What’s so risky about AI?
“Artificial intelligence has the potential to improve nearly every aspect of our lives, but that also creates serious risks,” said Altman at the hearing. We outline four of the most significant risks below.
Job losses due to AI automation. There is a high likelihood that as AI models become smarter, they begin replacing many of the jobs that humans currently work in. It is estimated that 85M jobs are expected to be lost between 2020 and 2025. The flip side is that AI is estimated to create 97M jobs by 2025, but much of the population won’t have the skills needed for these technical roles.
Social manipulation through AI algorithms. Deepfakes have infiltrated political and social spheres allowing bad actors to share misinformation that is difficult to shoot down as inauthentic right away. The nightmare scenario is that deepfakes become nearly impossible to distinguish between authentic and inauthentic.

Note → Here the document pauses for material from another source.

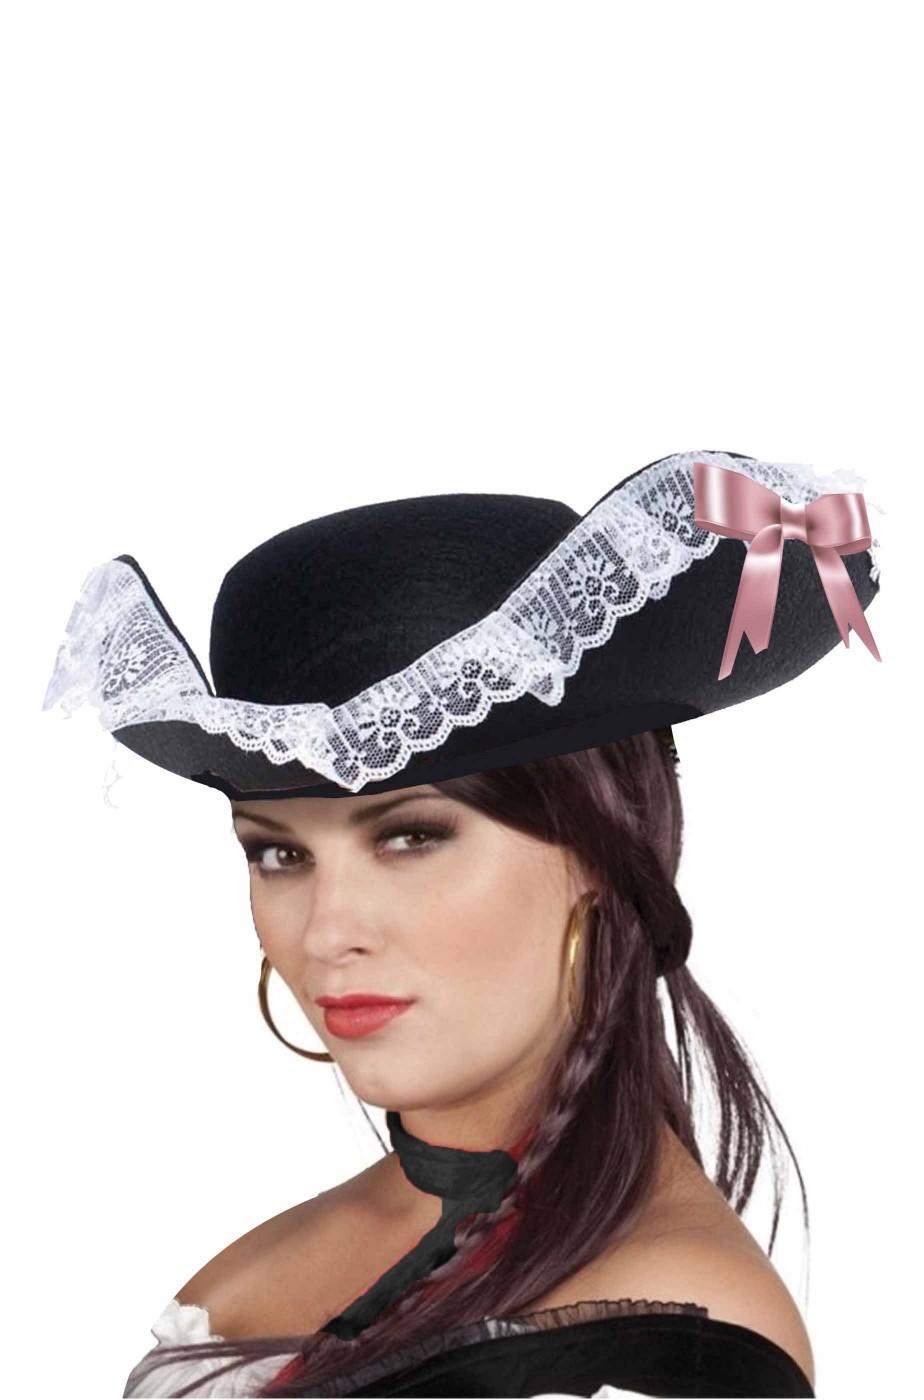 Cappello da Pirata donna nero con fiocco rosa e pizzo bianco
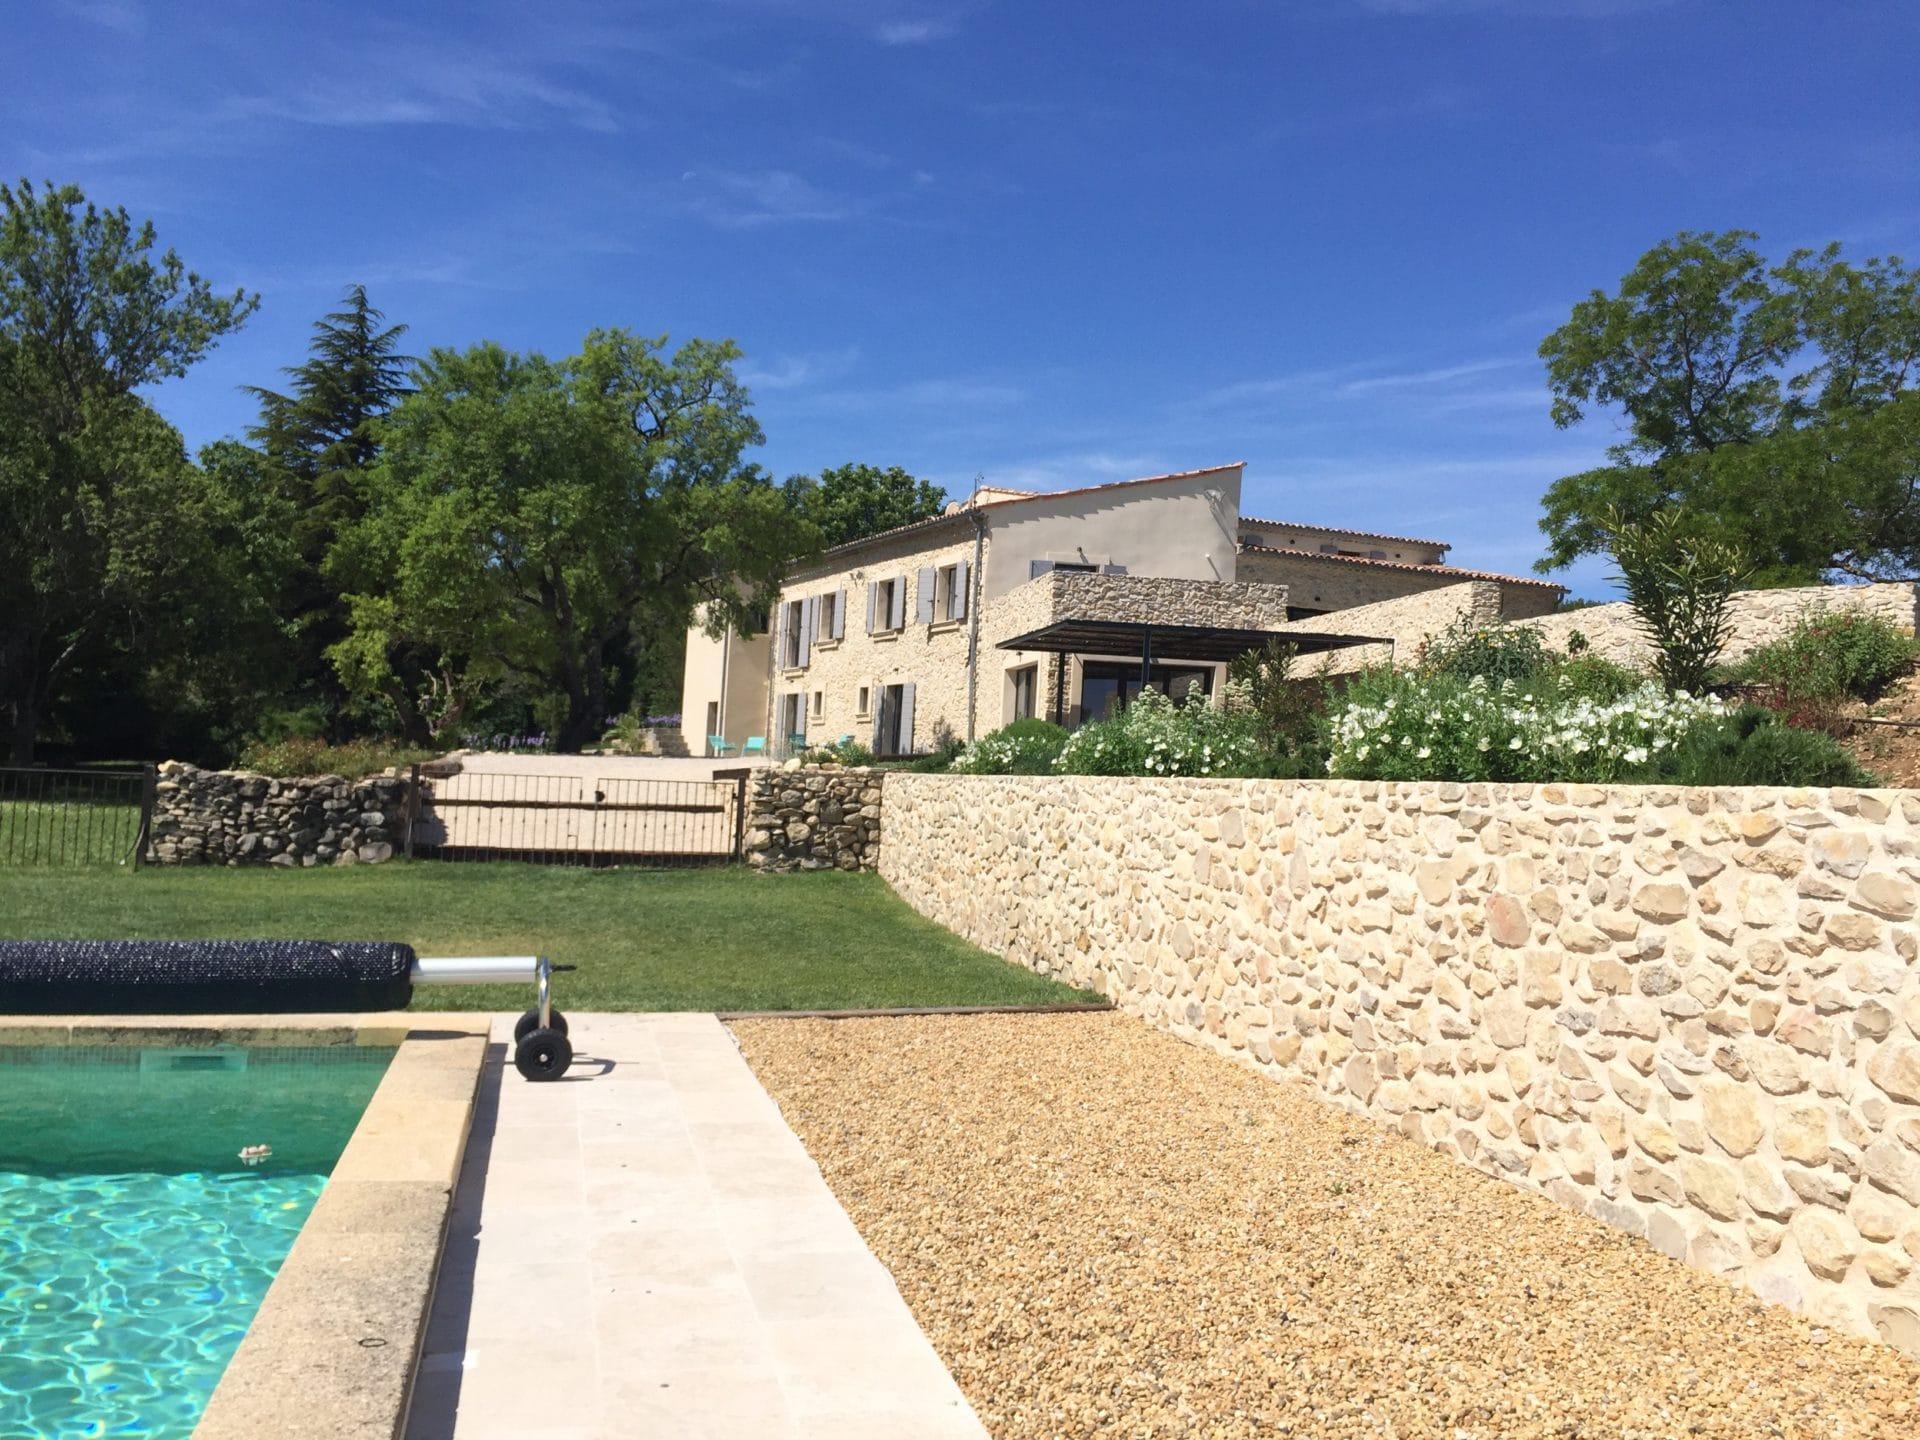 maison-d-hotes-aix-en-provence-piscine

Widening socioeconomic inequality as a result of AI. AI models have inherent biases baked into the algorithms, which may compromise DEI initiatives through AI-powered recruiting.
Financial crises brought about AI algorithms. Algorithmix trading could be responsible for the next financial crisis, given how quickly the financial sector adopted the technology. For example, these algorithms make thousands of trades at a blistering pace, which could lead to sudden crashes and extreme market volatility.
For more risks of AI systems, read this.
What is Altman’s vision for AI regulation?
Altman laid out a three-point plan on how the U.S. government should regulate companies like his.
Form a new government agency charged with licensing large AI models and create a set of government standards to hold licensees up to with the power to revoke licenses for companies whose models don’t comply.
Create a set of safety standards for AI models, including evaluations of their dangerous capabilities. An example would be that models have to pass certain tests for safety, such as whether they could self-replicate, go rogue and start acting independently.
Require independent audits, by independent experts, of the models’ performance on a set of defined metrics.